Patients with polypharmacy have a higher risk of harmful effects, such as medication errors, adverse drug reactions, falls, dizziness, and increases in hospitalization and mortality8,9,10. It has been reported that inappropriate management of polypharmacy has a significant impact on avoidable expenditure on health care resources and costs, leading to a large economic burden11,12. Accordingly, the World Health Organization has asked countries and the concerned authorities to prioritize medication safety in polypharmacy, take early action, and reduce avoidable medication-related harm13.

Although some countries are developing evidence-based strategies and introducing them for the optimal use of multiple medications, structured management programs or their supporting policies are still limited in many countries, including Korea14,15,16,17,18. It is emphasized that a comprehensive consideration in the clinical context, rather than a simple approach with the number of medications used, is essential to develop rational policies to improve polypharmacy use behavior2,3,19. To the best of our knowledge, most studies on polypharmacy conducted in Korea have only targeted certain vulnerable patient groups, such as the elderly and severely ill, and only simple status, including the prevalence of polypharmacy and its mortality, have been reported6,7,20. In-depth research to determine several distinct phenotypes of patients with polypharmacy could be helpful in developing effective management strategies by diversifying their countermeasures accordingly.

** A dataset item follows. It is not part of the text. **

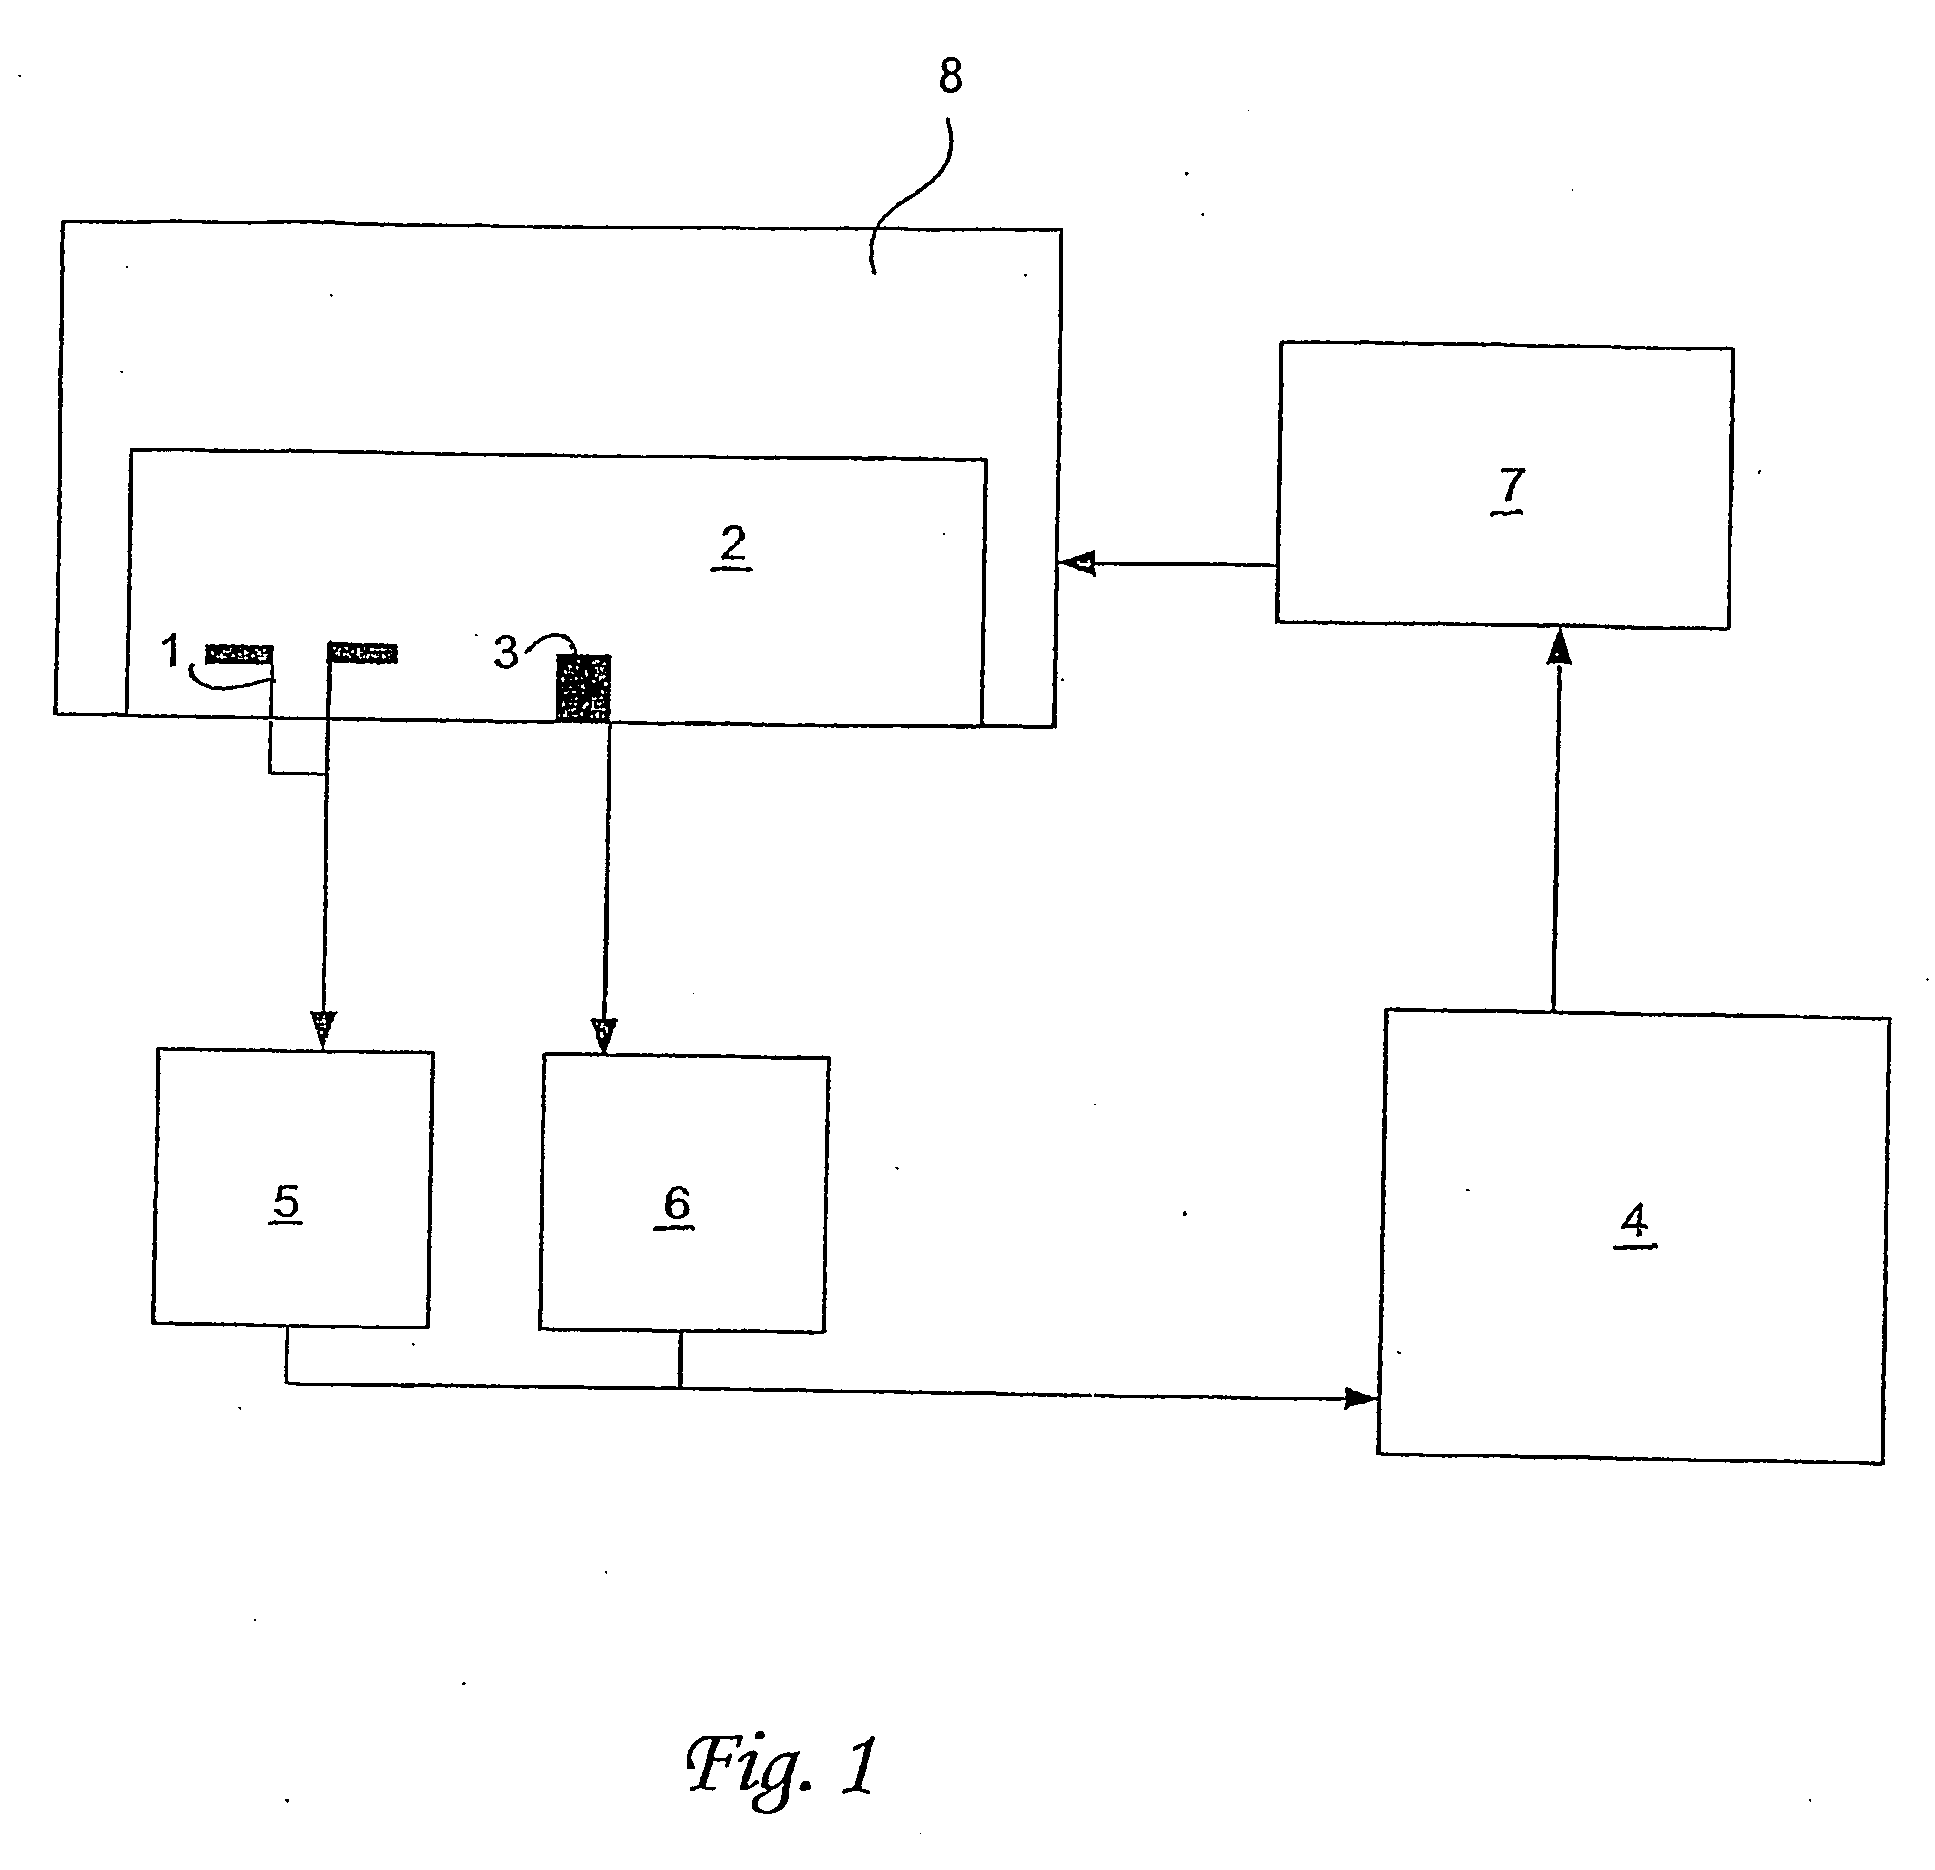 Method for the determination of the stresses occurring in wood when drying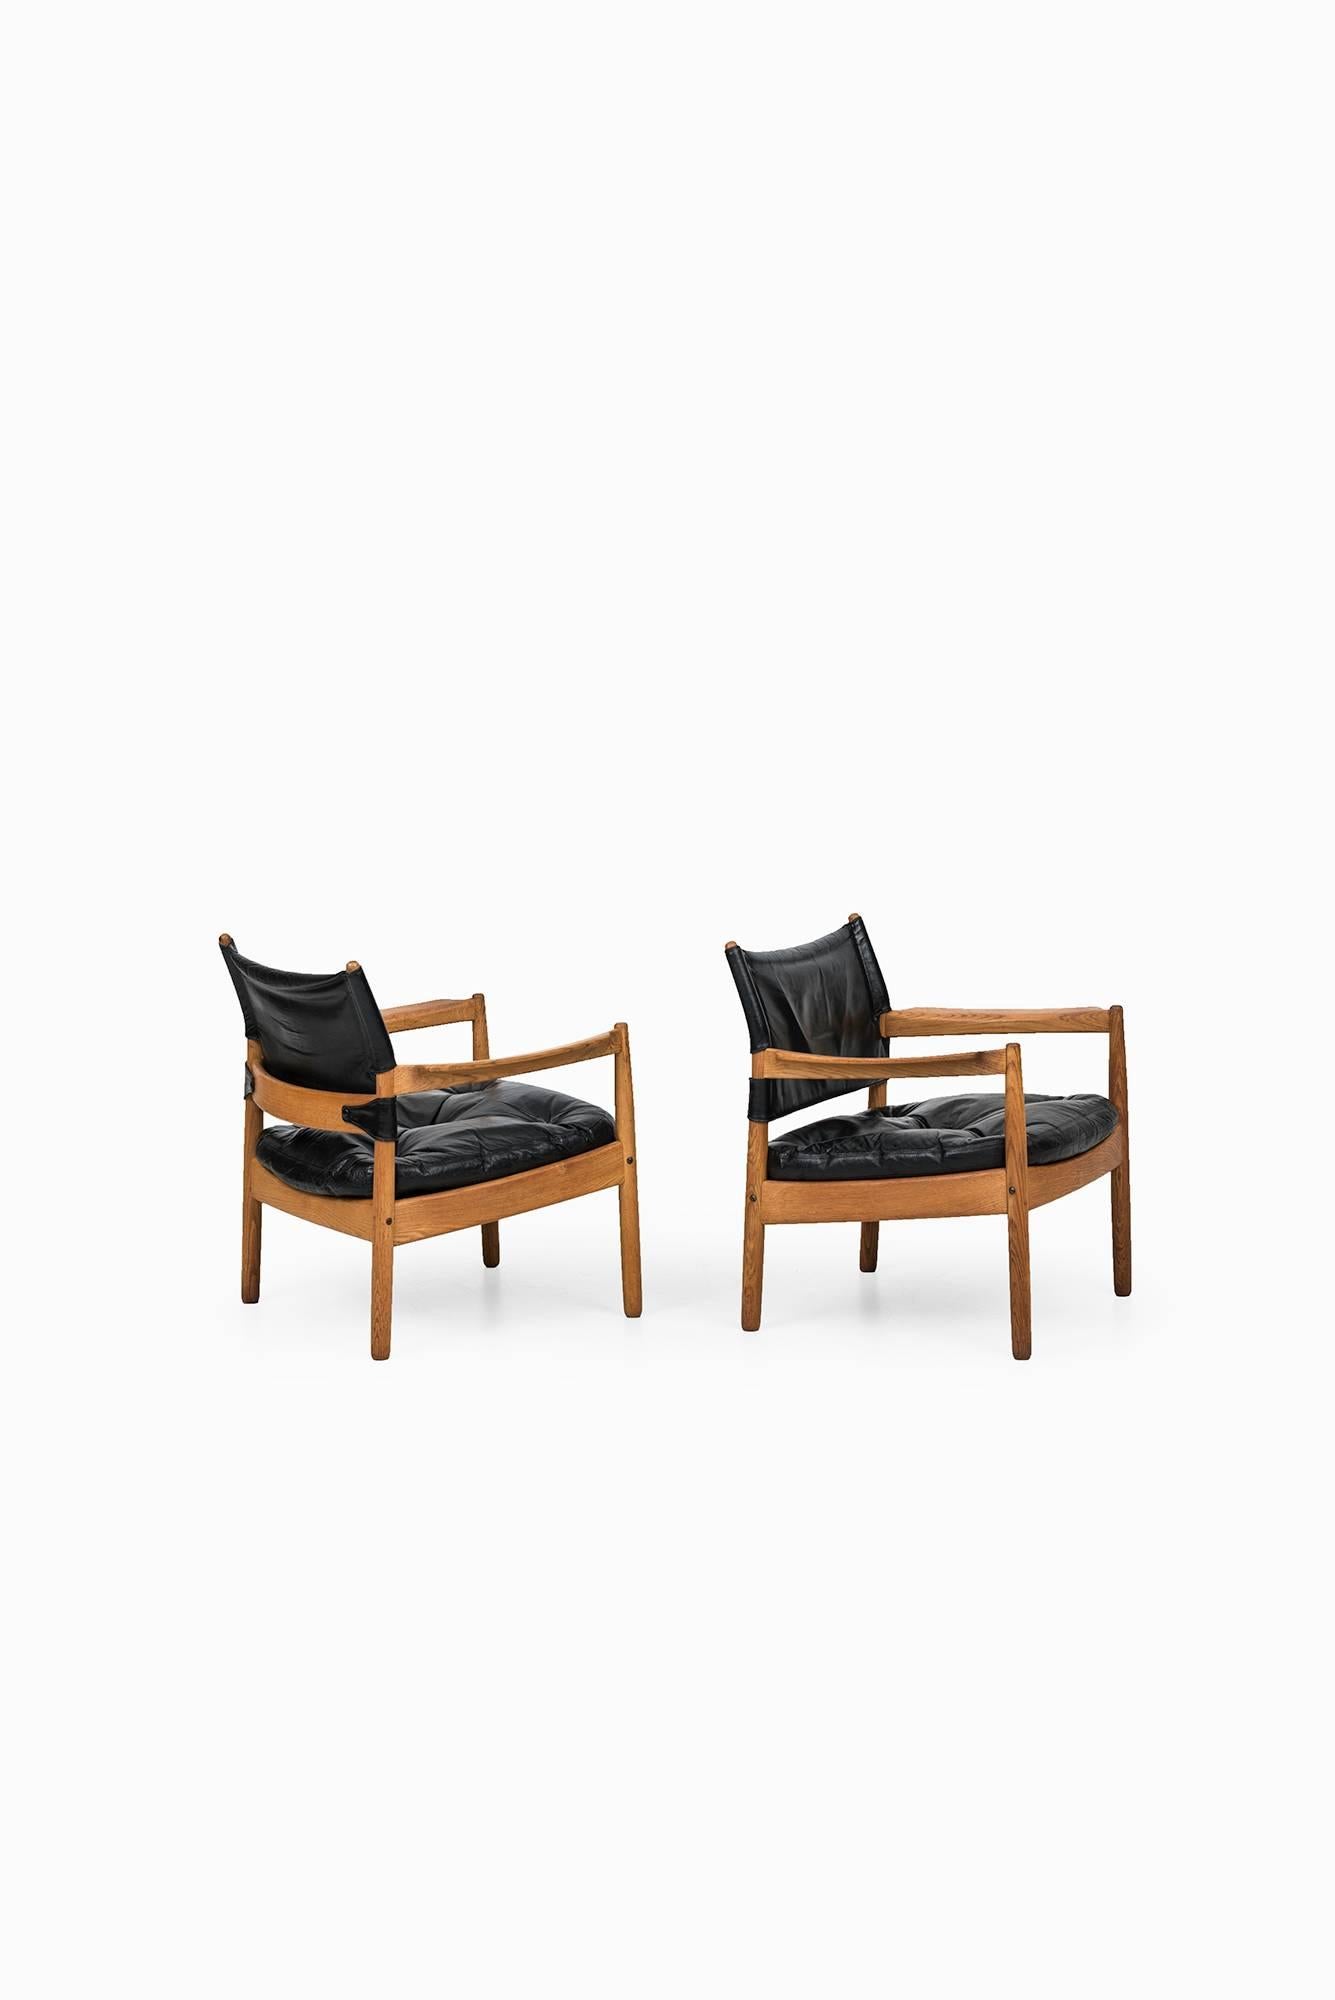 Mid-20th Century Gunnar Myrstrand Easy Chairs by Källemo in Sweden

Therefore, using a large nationwide cohort of Korean adults, this study aimed to identify subpopulations of patients with polypharmacy and characterize their unique patterns through cluster analysis.

Results

A total of 761,145 patients were included in the training set for cluster analysis. Their mean age was 67.05 ± 12.57 years, and those aged 70–79 years accounted for majority (29.78%). Of all patients, 88,674 (11.65%) were medical aid beneficiaries. The mean number of outpatient visits was 30.61 ± 27.11 days, and 226,283 patients (29.73%) were hospitalized. Among medical institutions by type, the medical clinic was visited by most patients (89.84%). Patients visited a mean of 4.72 ± 2.87 medical institutions per year and prescribed 7.03 ± 2.42 medications. The most common diseases among patients were chronic gastritis/gastroesophageal reflux disease (639,017 patients, 83.95%), hypertension (584,156 patients, 76.75%), and dyslipidemia (503,941 patients, 66.21%) (Table 1).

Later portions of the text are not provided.